#### Information provided ####
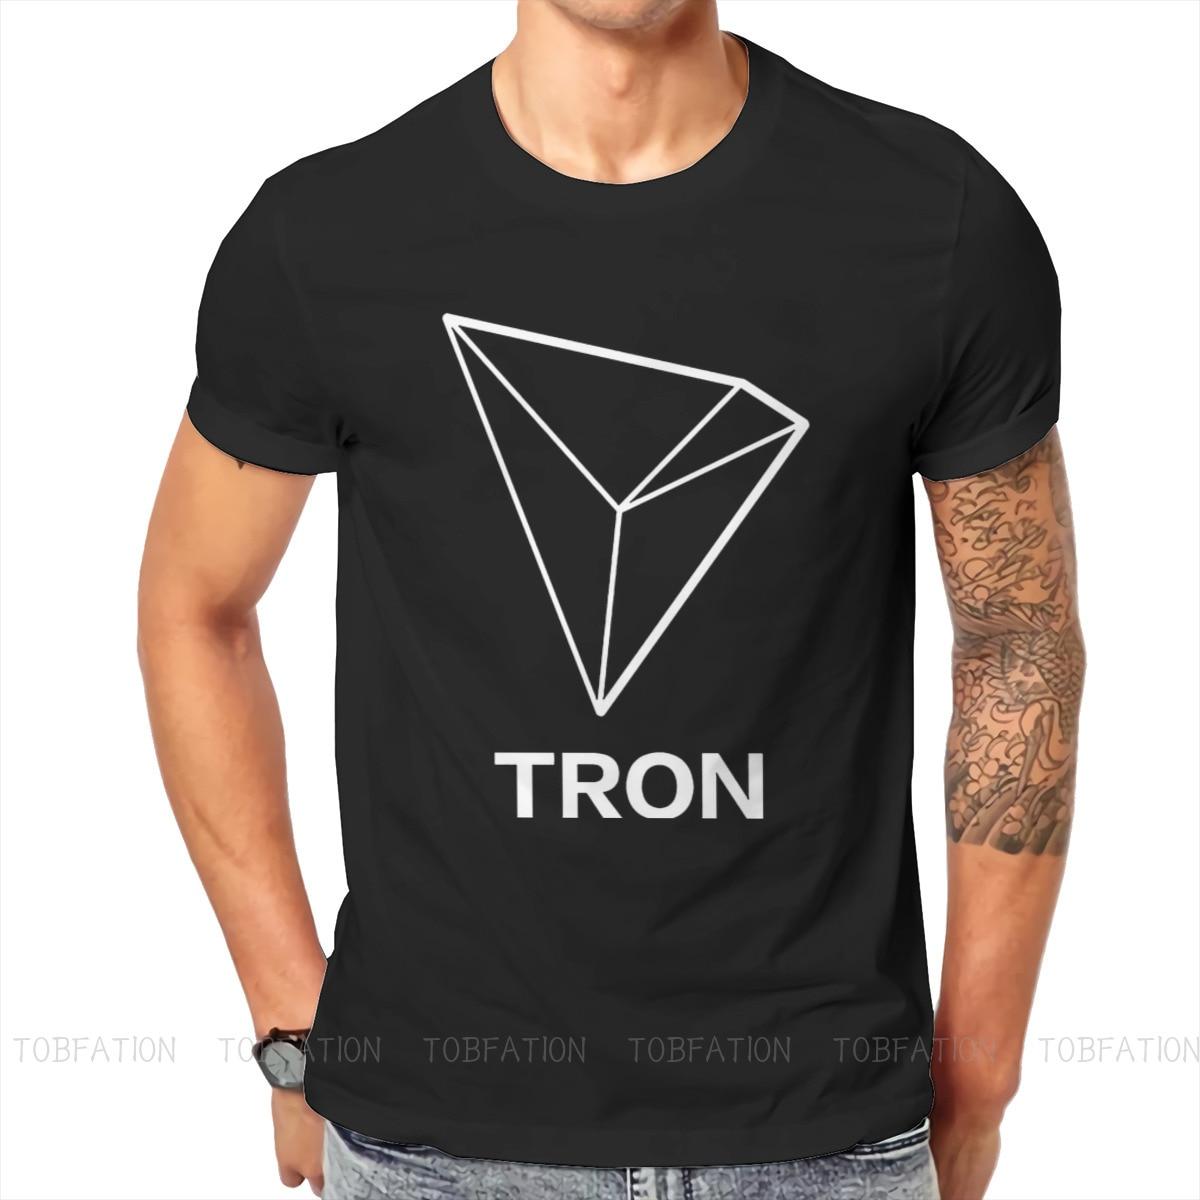 TRON TRX Essential Newest TShirts Bitcoin Male Harajuku Pure Cotton Tops T Shirt O Neck Big Size 1
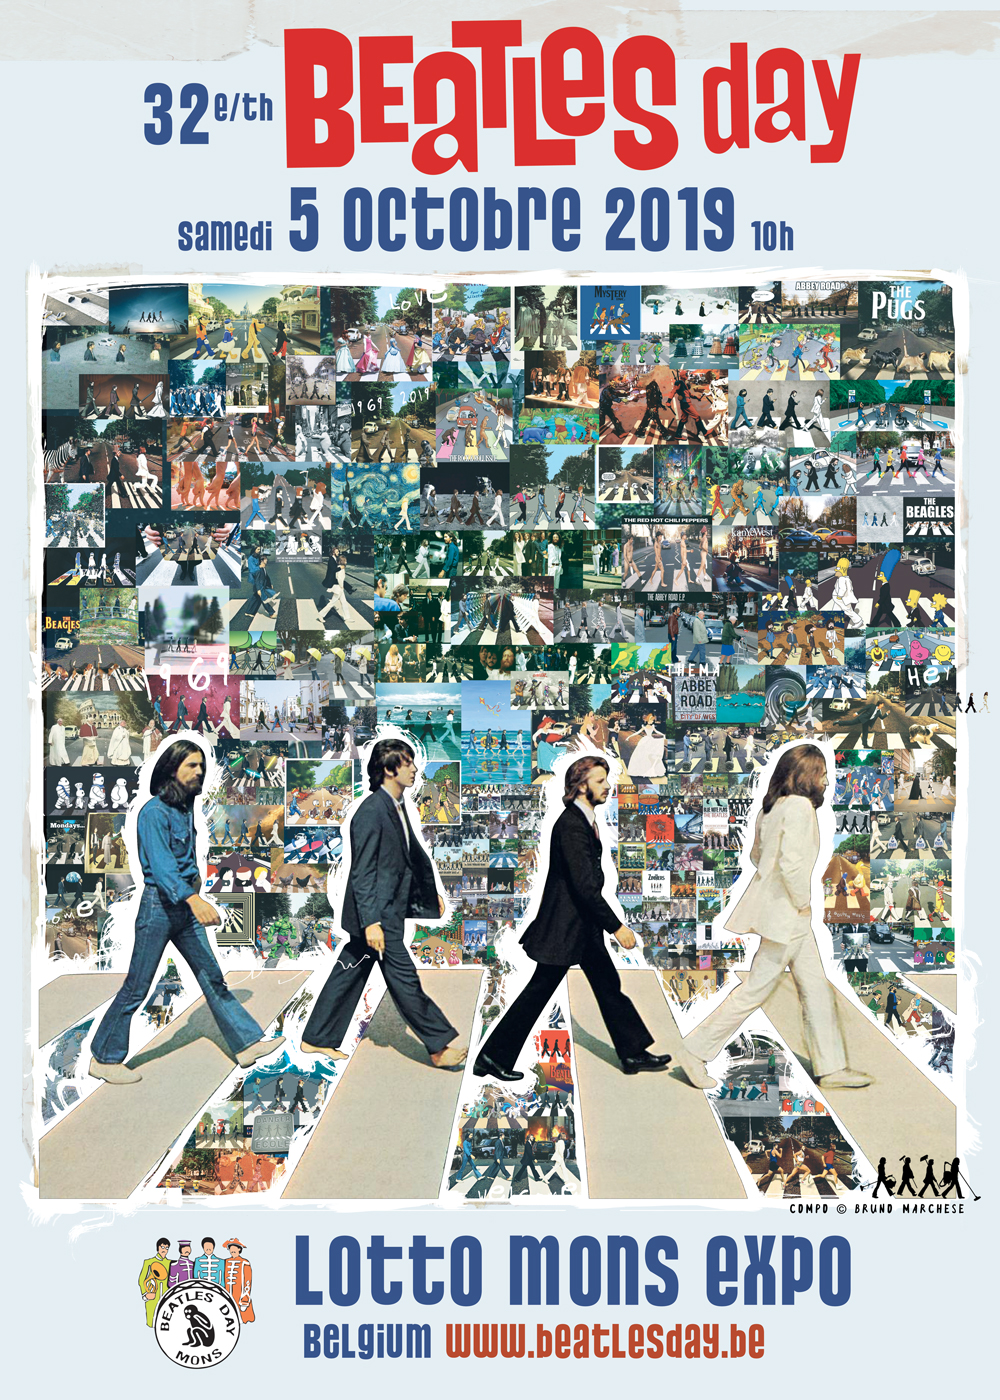 32ème Beatles Day samedi 5 octobre 2019 au Lotto Mons Expo
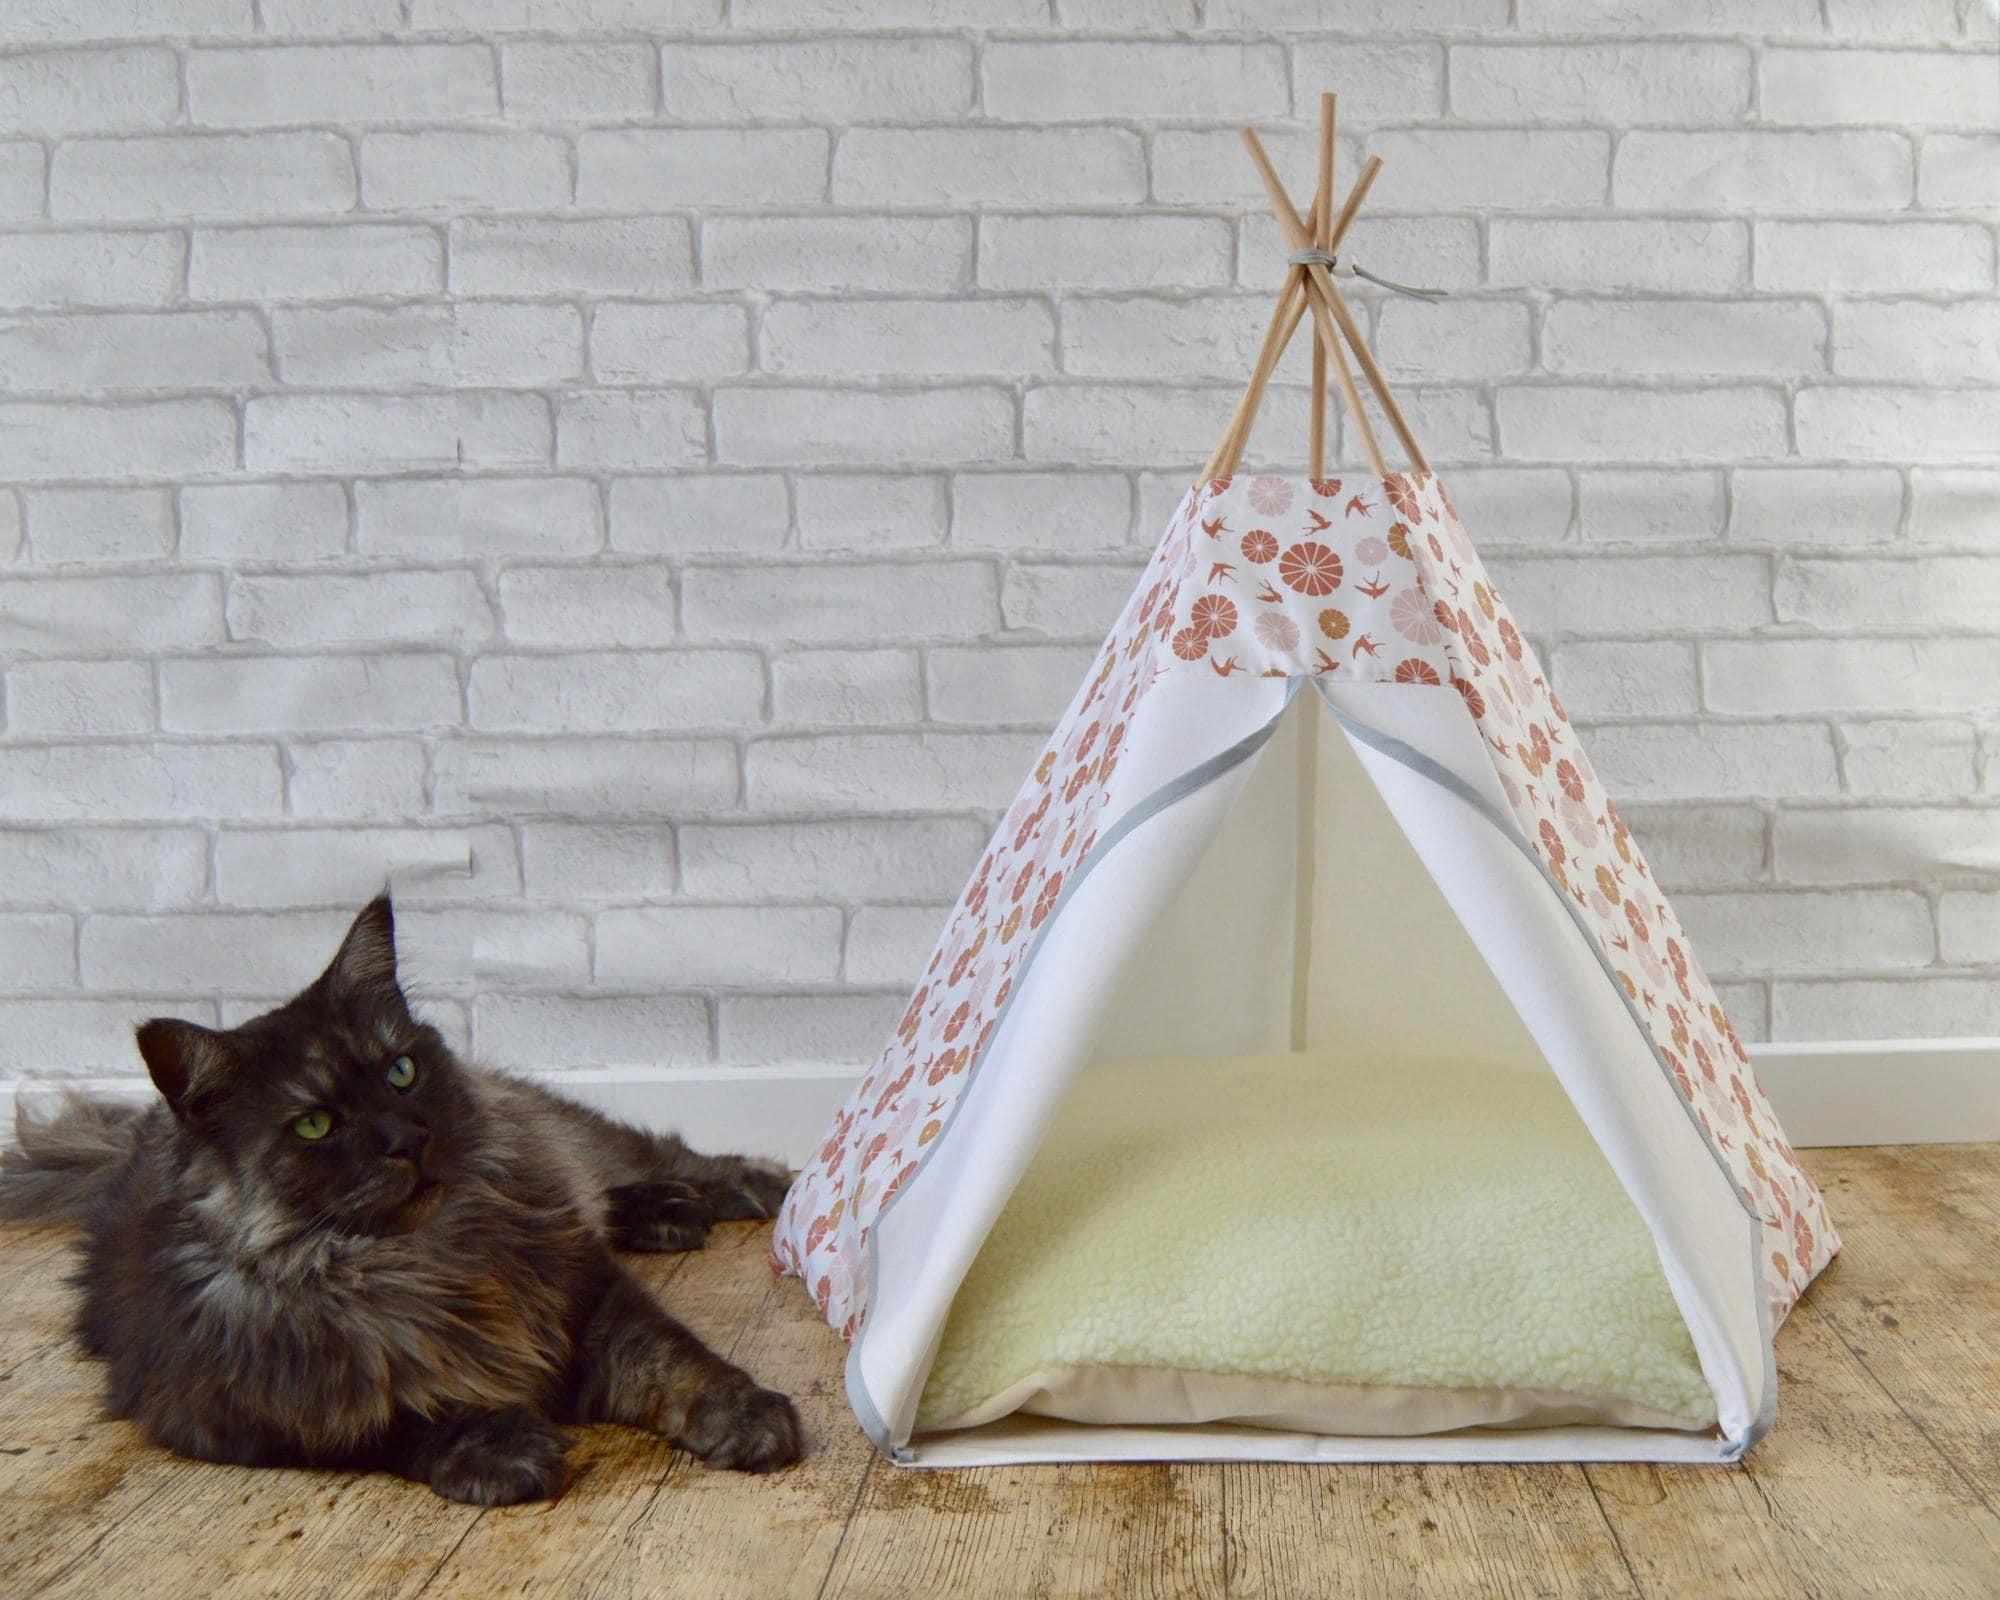 lit chat tipi chat meuble animaux tipi chien accessoires. Black Bedroom Furniture Sets. Home Design Ideas
####
Copy the whole listing above word for word but do not carry over the pictures.

 TRON TRX Essential Newest TShirts Bitcoin Male Harajuku Pure Cotton Tops T Shirt O Neck Big Size 1
 32ème Beatles Day samedi 5 octobre 2019 au Lotto Mons Expo
 lit chat tipi chat meuble animaux tipi chien accessoires. Black Bedroom Furniture Sets. Home Design Ideas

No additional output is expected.